Introduction to Data Preprocessing
In this chapter you'll learn exactly what it means to preprocess data. You'll take the first steps in any preprocessing journey, including exploring data types and dealing with missing data. This is the Summary of lecture "Preprocessing for Machine Learning in Python", via datacamp.
import pandas as pd
volunteer = pd.read_csv('./dataset/volunteer_opportunities.csv')
volunteer.head()
volunteer.info()
volunteer.dropna(axis=1, thresh=3).shape
volunteer.shape
Missing data - rows
Taking a look at the volunteer
dataset again, we want to drop rows where the category_desc
column values are missing. We're going to do this using boolean indexing, by checking to see if we have any null values, and then filtering the dataset so that we only have rows with those values.
print(volunteer['category_desc'].isnull().sum())
# Subset the volunteer dataset
volunteer_subset = volunteer[volunteer['category_desc'].notnull()]
# Print out the shape of the subset
print(volunteer_subset.shape)
volunteer.dtypes
print(volunteer['hits'].head())
# Convert the hits column to type int
volunteer['hits'] = volunteer['hits'].astype(int)
# Look at the dtypes of the dataset
print(volunteer.dtypes)
volunteer['category_desc'].value_counts()
Stratified sampling
We know that the distribution of variables in the category_desc
column in the volunteer dataset is uneven. If we wanted to train a model to try to predict category_desc
, we would want to train the model on a sample of data that is representative of the entire dataset.
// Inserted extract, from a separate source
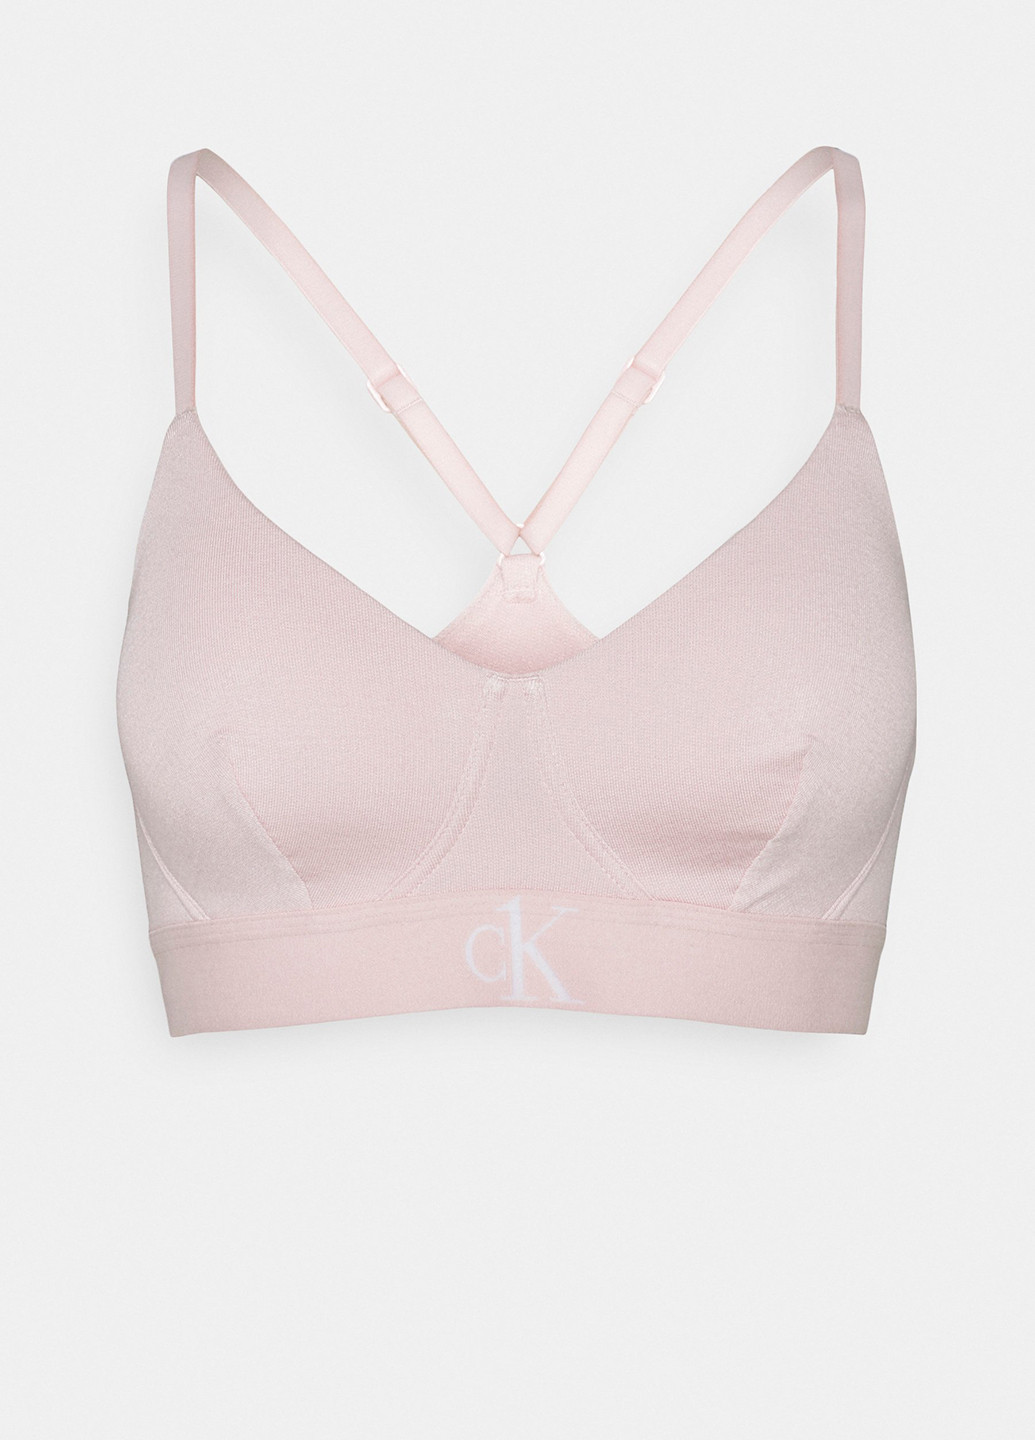 Светло-розовый топ бюстгальтер Calvin Klein без косточек модал

Stratified sampling is a way to achieve this.
from sklearn.model_selection import train_test_split
# Create a data with all columns except category_desc
volunteer_X = volunteer.dropna(subset=['category_desc'], axis=0)
# Create a category_desc labels dataset
volunteer_y = volunteer.dropna(subset=['category_desc'], axis=0)[['category_desc']]
# Use stratified sampling to split up the dataset according to the volunteer_y dataset
X_train, X_test, y_train, y_test = train_test_split(volunteer_X, volunteer_y, stratify=volunteer_y)
# Print out the category_desc counts on the training y labels
print(y_train['category_desc'].value_counts())
train_test_split
cannot handle the NaN
data, so you need to drop NaN values before sampling